La FNSEA a qualifié l’enquête de l’UFC de « bon travail » qui « confirme » les observations du syndicat majoritaire agricole. La Fédération du commerce et de la distribution (FCD), à l’inverse, dénonce un « procès en sorcellerie ». Elle estime que les comparaisons de prix de l’UFC ne sont pas pertinentes et rappelle les chiffres de l’observatoire des prix et des marges.

Les producteurs demandent un coefficient multiplicateur sur la pomme
Reçue le 8 décembre au ministère de l’Agriculture, la Fédération nationale des producteurs de fruits (FNPF) a également demandé la mise en place du coefficient multiplicateur sur la pomme, dont les prix sont largement en deçà des coûts de revient.
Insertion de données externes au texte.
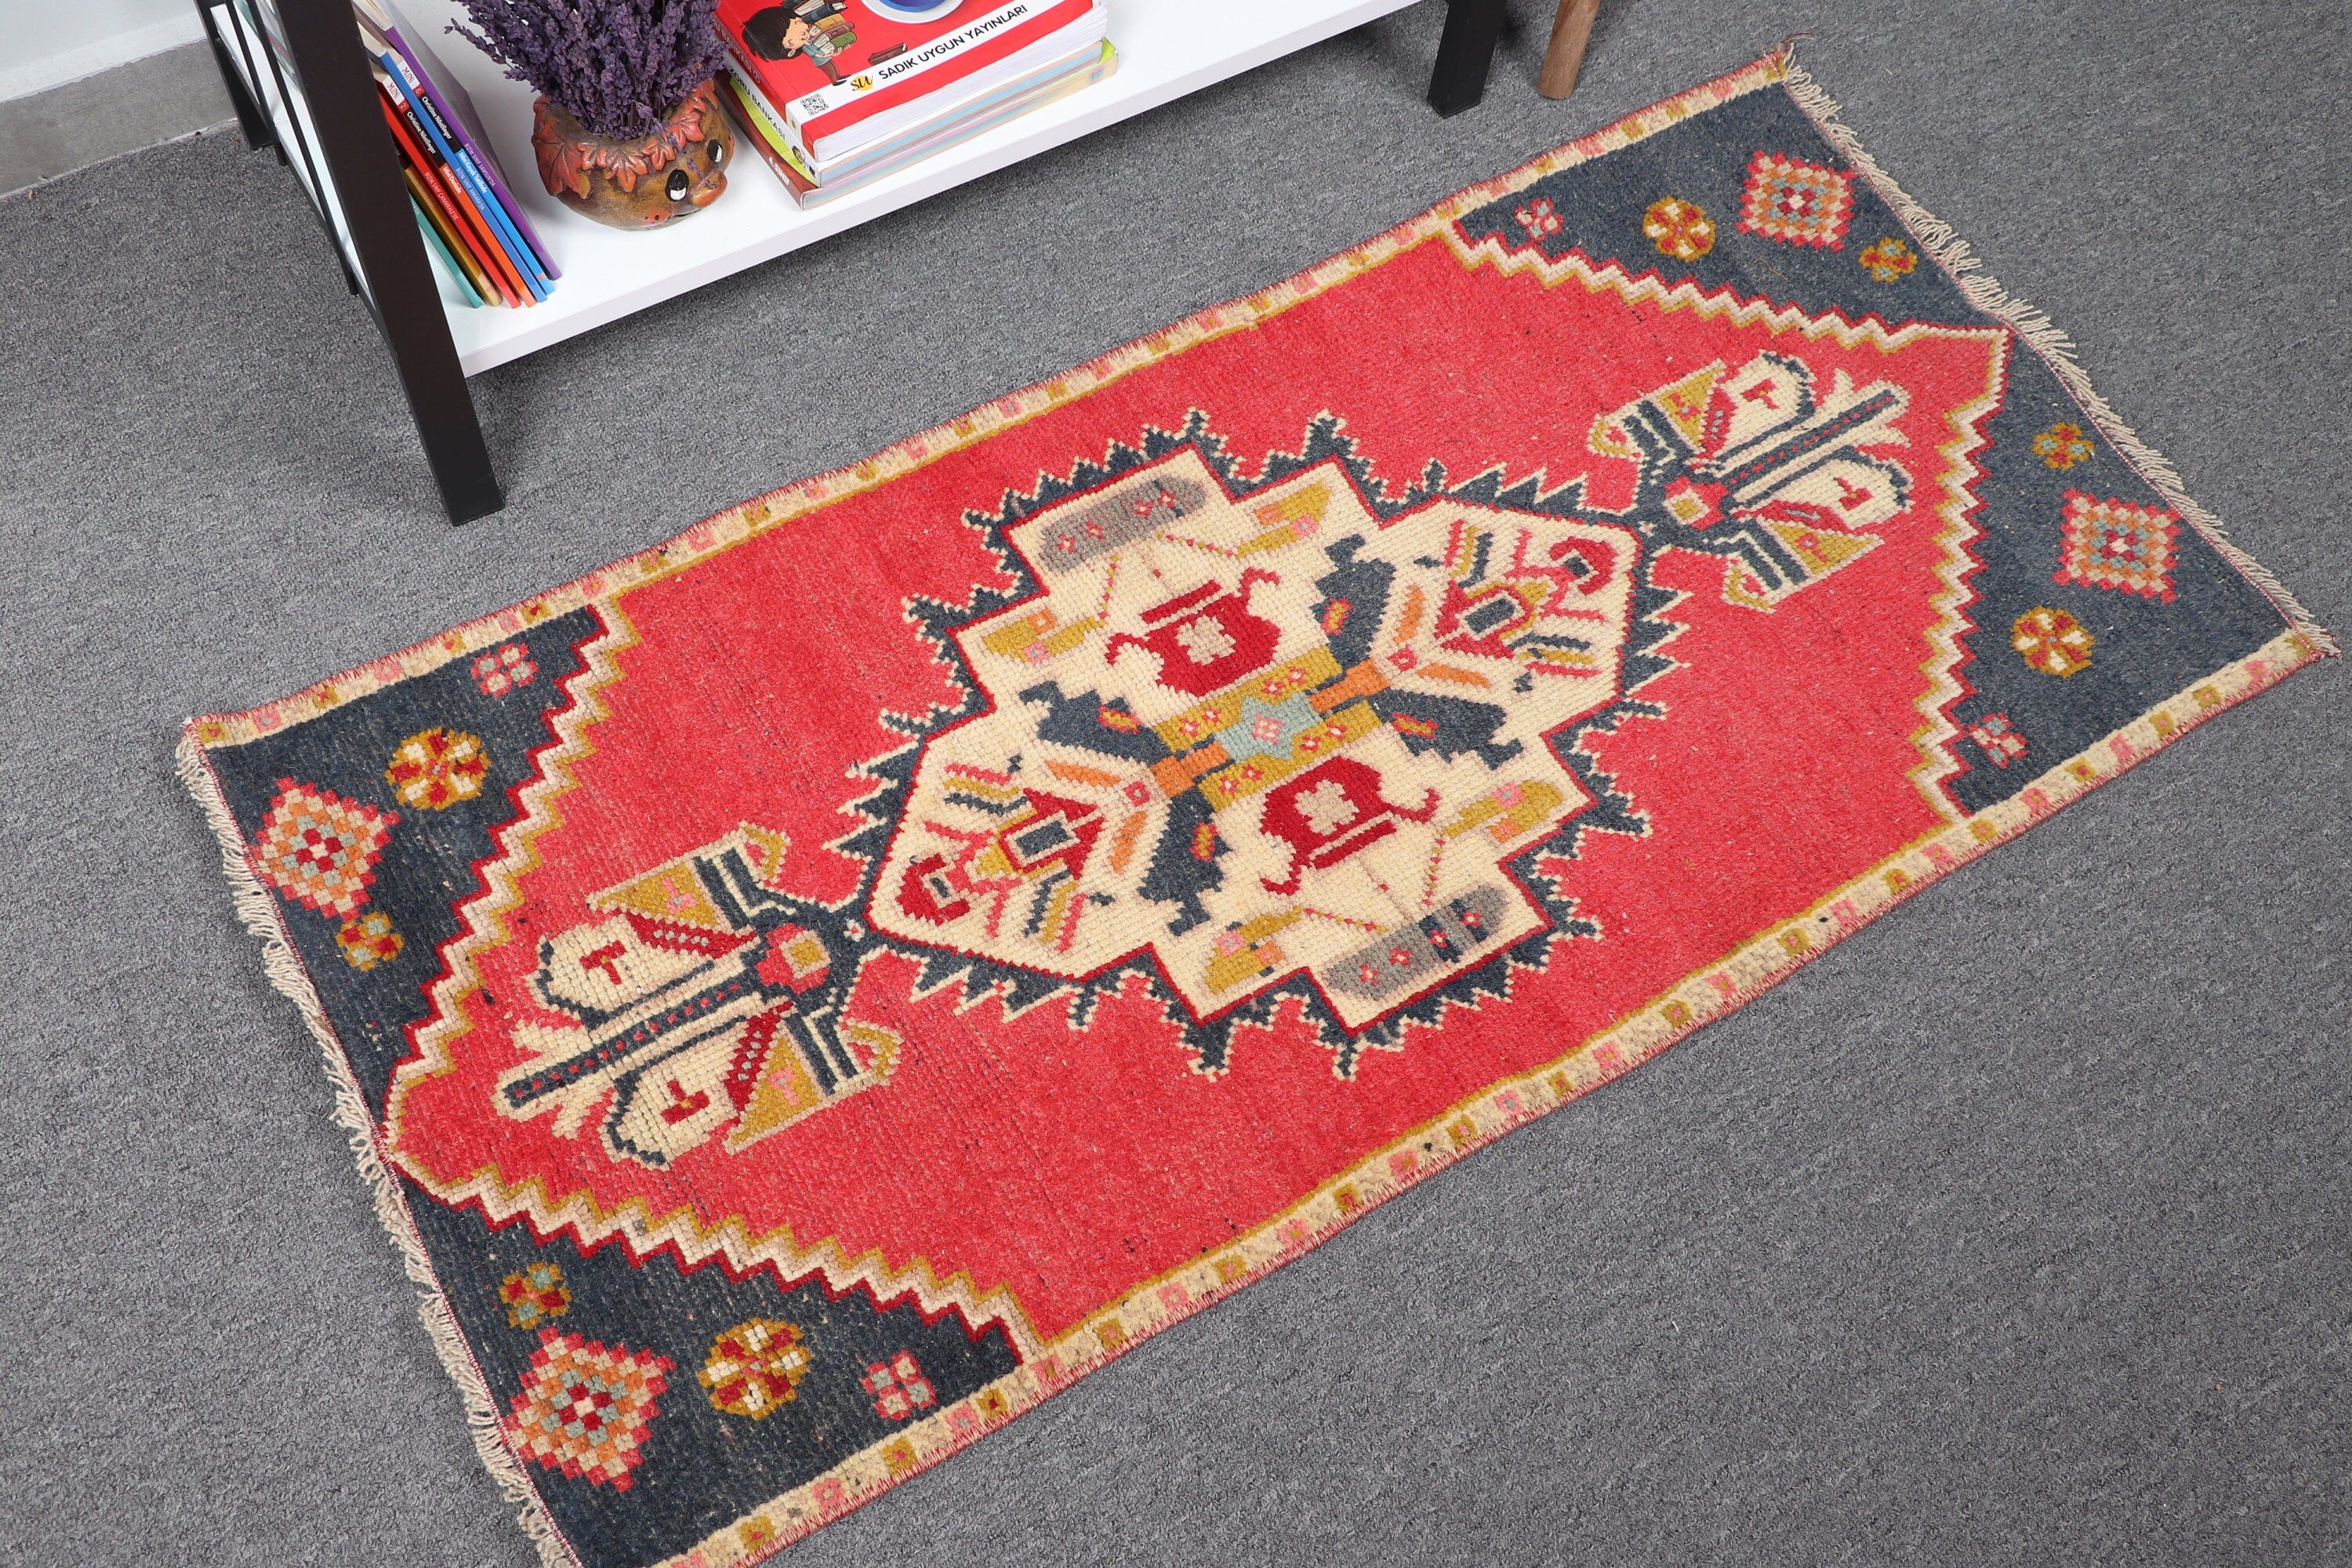 Vintage Rugs, Floor Rugs, Turkish Rugs, Car Mat Rug, Moroccan Rug, Wall Hanging Rug, 1.7x3.5 ft Small Rug, Bright Rugs, Red Kitchen Rugs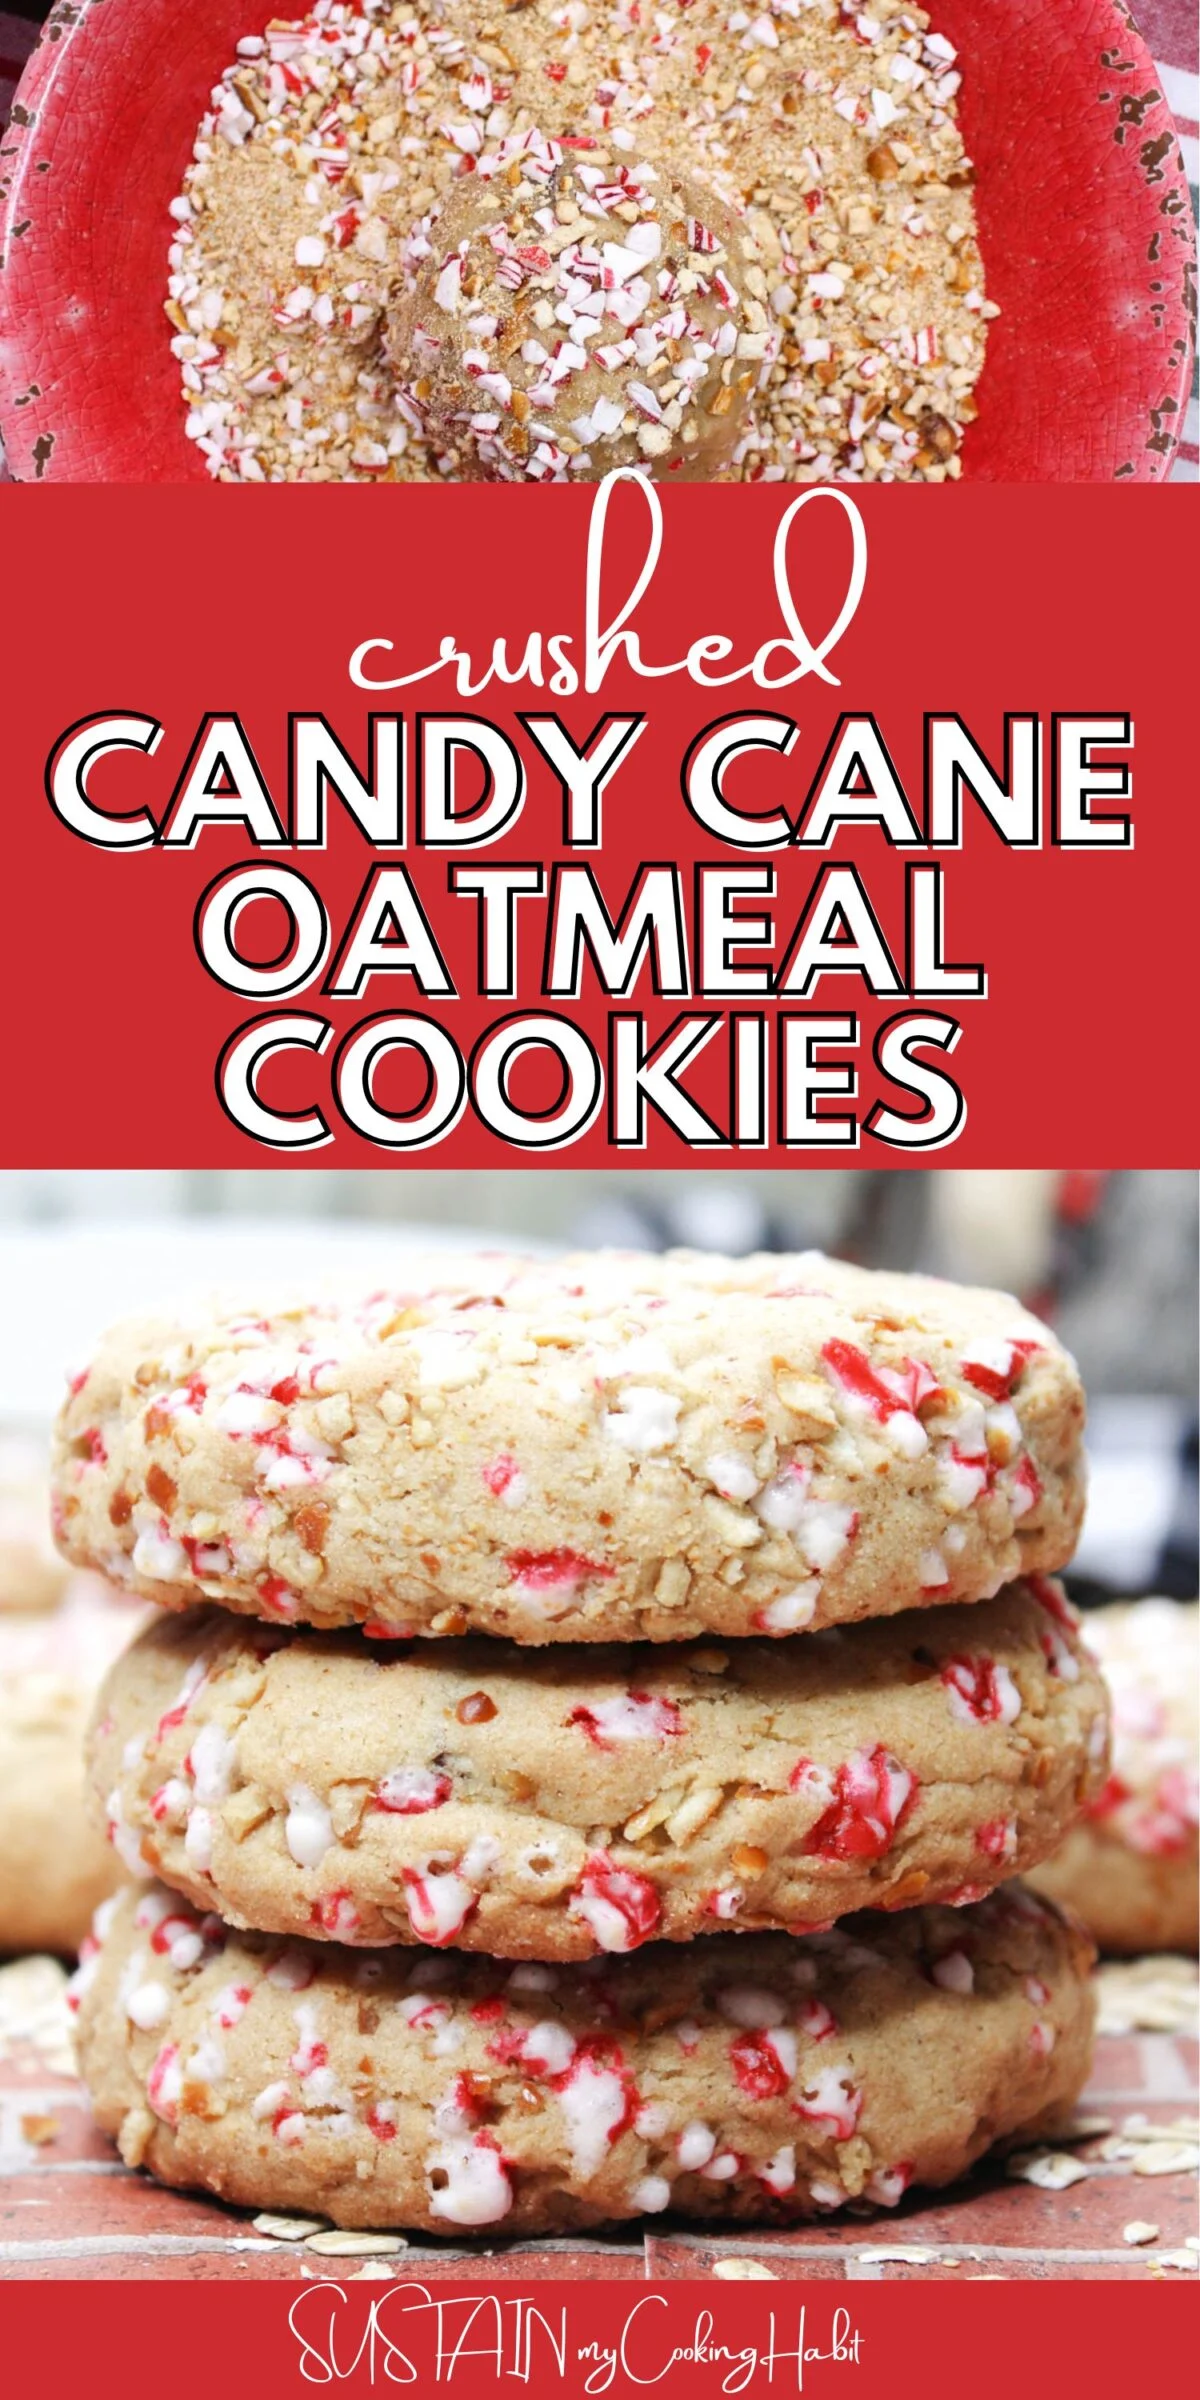 Collage of crushed candy canes and Crushed candy can oatmeal cookies with text overlay.

Au 30 novembre, la pomme a été en situation de crise conjoncturelle officielle pendant 71 jours consécutifs, et si elle en est sortie depuis, c’est uniquement parce que les cours de l’an dernier étaient en baisse (c’est la différence entre les prix actuels et les prix des années précédentes qui caractérise la situation de crise officielle). La situation du marché de la pomme a été précisée le 9 décembre à l’Assemblée nationale par Daniel Sauvaître, président de l’Association nationale pommes-poires, lors d’une rencontre organisée par Jacques Remillier, député UMP et président du groupe d’étude sur les fruits et légumes.
« La grande distribution fait actuellement des promotions à 65 centimes le kilo de pommes alors que les producteurs ne commencent à gagner leur vie qu’à partir de 75 centimes départ station ! », a indiqué Daniel Sauvaître.
La Coordination rurale s’associe à la demande de mise en place immédiate du cœfficient multiplicateur sur les ventes de pommes, s’associant aux demandes de la FNPF et l’UFC-Que Choisir. Elle estime que « ceux qui ont réussi à résister aux crises précédentes vont disparaître si aucune décision n’est prise pour faire remonter les prix ».